A Brief Taxonomy and Ranking of Creative Prototype Reduction …people.scs.carleton.ca/~oommen/papers/PaperKimOommenJPR.pdf · 2003-11-05 · A Brief Taxonomy and Ranking of Creative

Taxonomy Classification of Organisms. What is Taxonomy? Taxonomy organizes organisms into groups. Taxonomy organizes organisms into groups. Species that

Taxonomy, Phylogeny, and Biogeography of the Hummingbird ...hss.ulb.uni-bonn.de/2003/0251/0251.pdf · Taxonomy, Phylogeny, and Biogeography of the Hummingbird Genus Thalurania GOULD,

Taxonomy. Taxonomy is the science of classification

DIRTY HANDS ON DIRTY DEALS - corporateeurope.org

Release v0.3-dirty devicetree.org v0.3-dirty

IAS Taxonomy Core FS Narrative Draft of 2003... · Web view2003/07/15 · Title IAS Taxonomy Core FS Narrative Draft Author XBRL International IAS Taxonomy Working Group Last modified

Why Taxonomy?Why Taxonomy? How to determine & classify a ... · Taxonomy Content Why Taxonomy?Why Taxonomy?

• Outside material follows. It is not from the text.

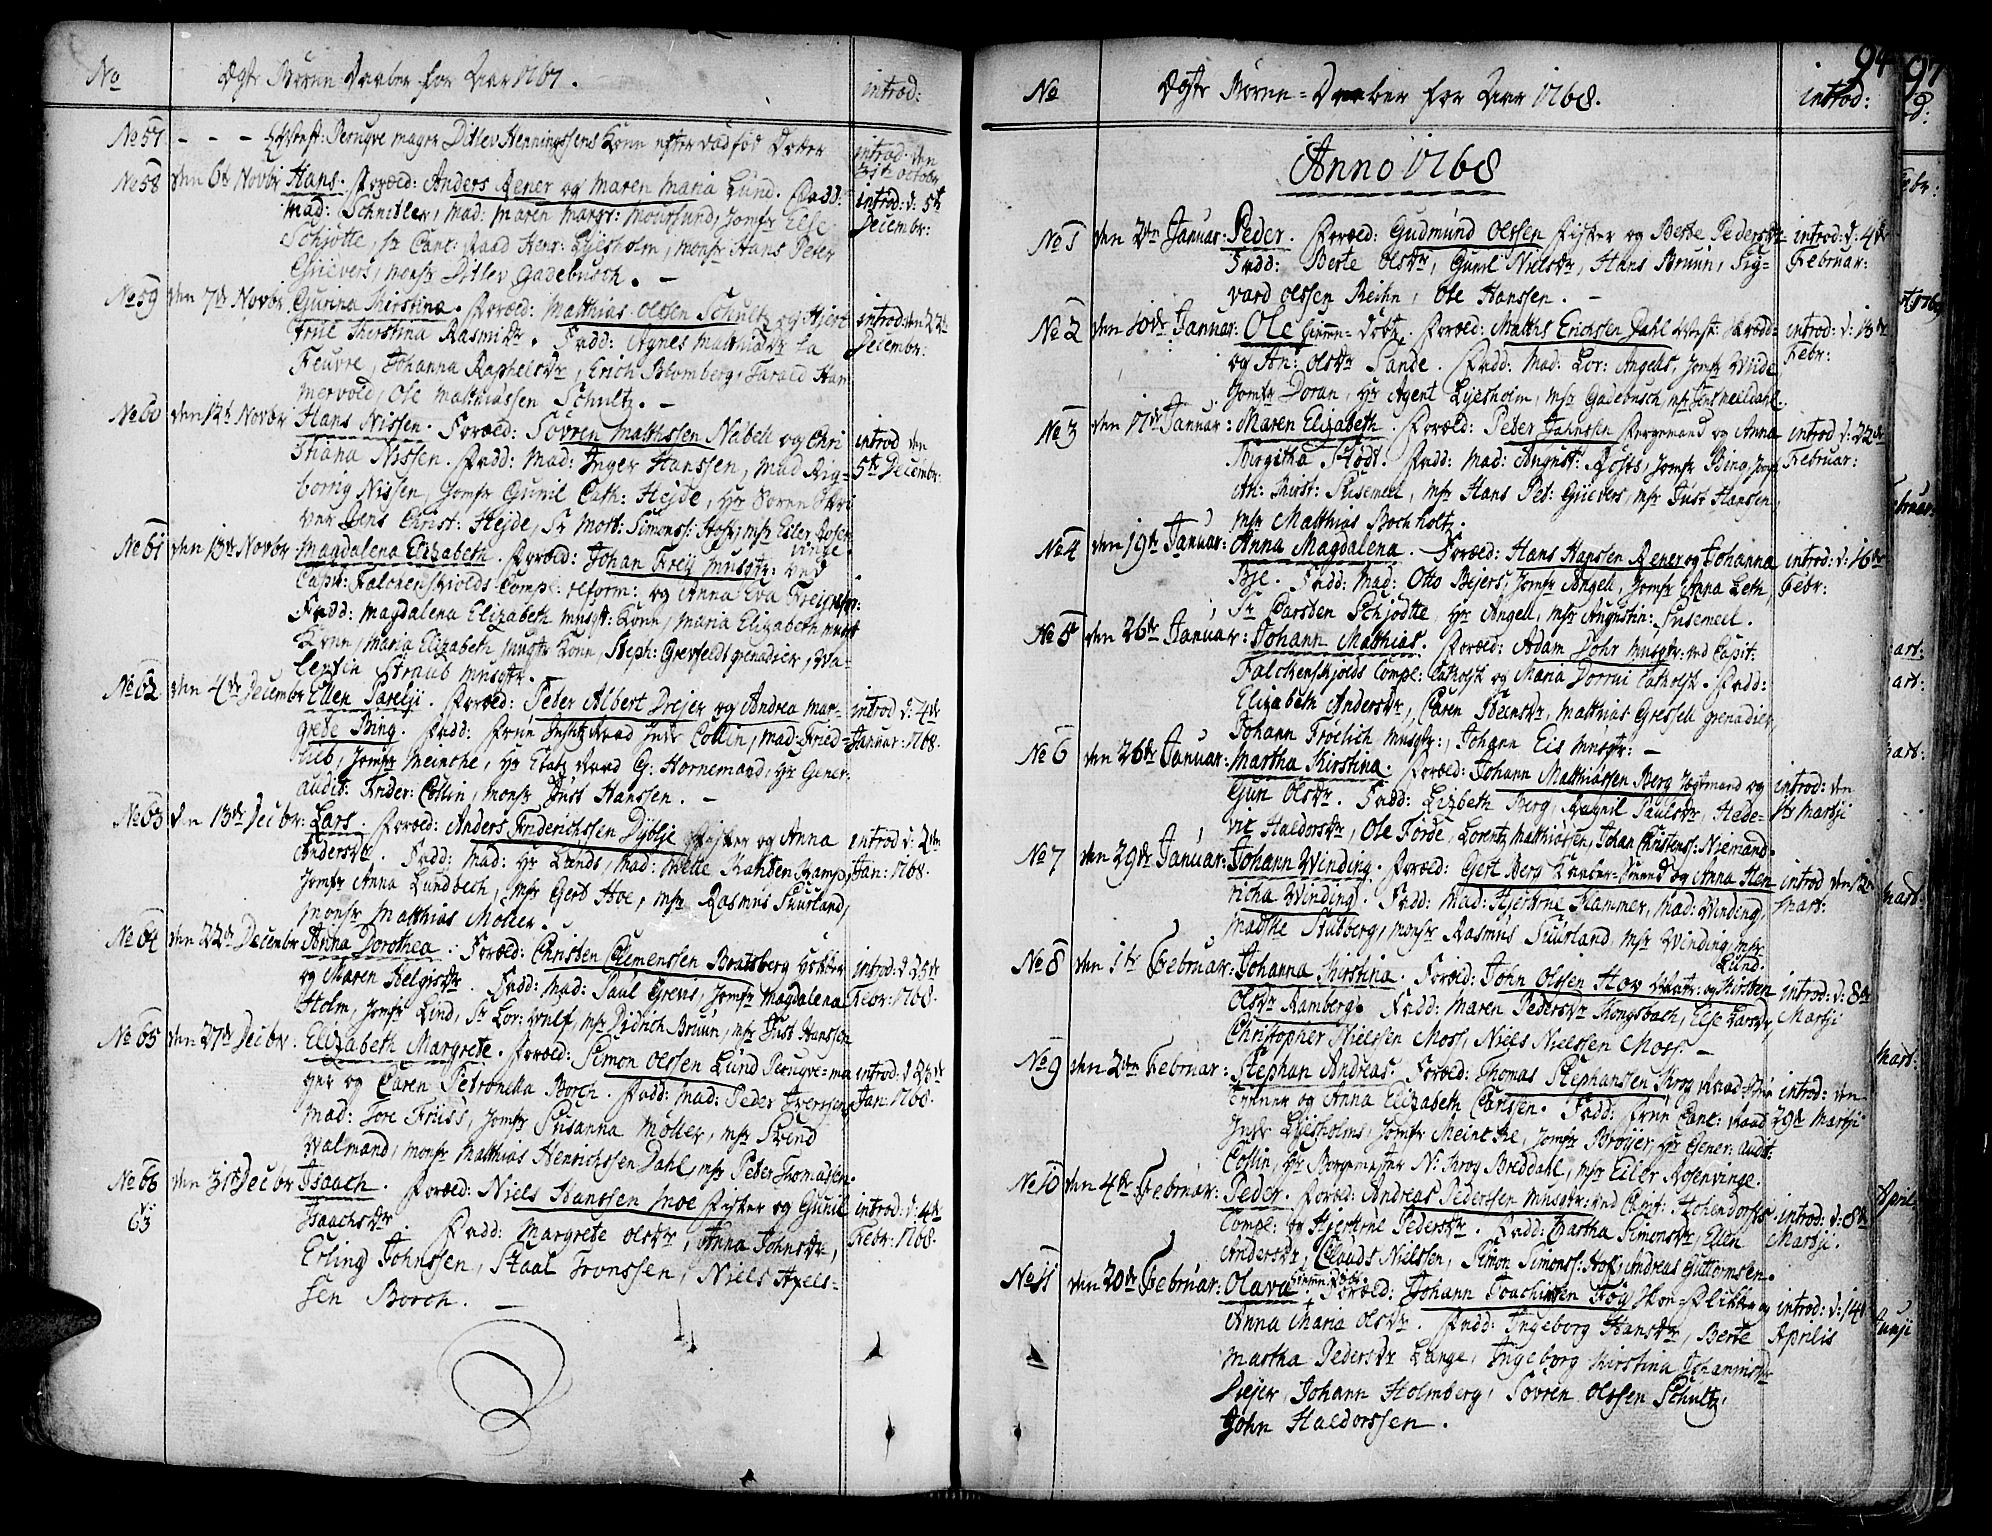 SAT, Ministerialprotokoller, klokkerbøker og fødselsregistre - Sør-Trøndelag, 602/L0103: Ministerialbok nr. 602A01, 1732-1774, s. 94

How to determine & classify a species Domains versus KingdomsDomains versus

DIRTY HANDS ON DIRTY DEALS - Corporate Europe Observatorycorporateeurope.org/sites/default/files/dirtydeals_small.pdf · 5 Dirty hands on dirty deals: TTIP and COP21 shaped by same

Environmental Preferences and Technological Choices : Is ...Dirty dirty + grey dirty+ grey + other dirty dirty + other Observations 17,124 49,482 17,124 49,482 R-squared 0.070 0.051

DIMENSION-ORIENTED TAXONOMY OF DATA QUALITY …DIMENSION-ORIENTED TAXONOMY OF DATA QUALITY PROBLEMS IN ELECTRONIC HEALTH RECORD 101 different sources results in many ‘dirty data’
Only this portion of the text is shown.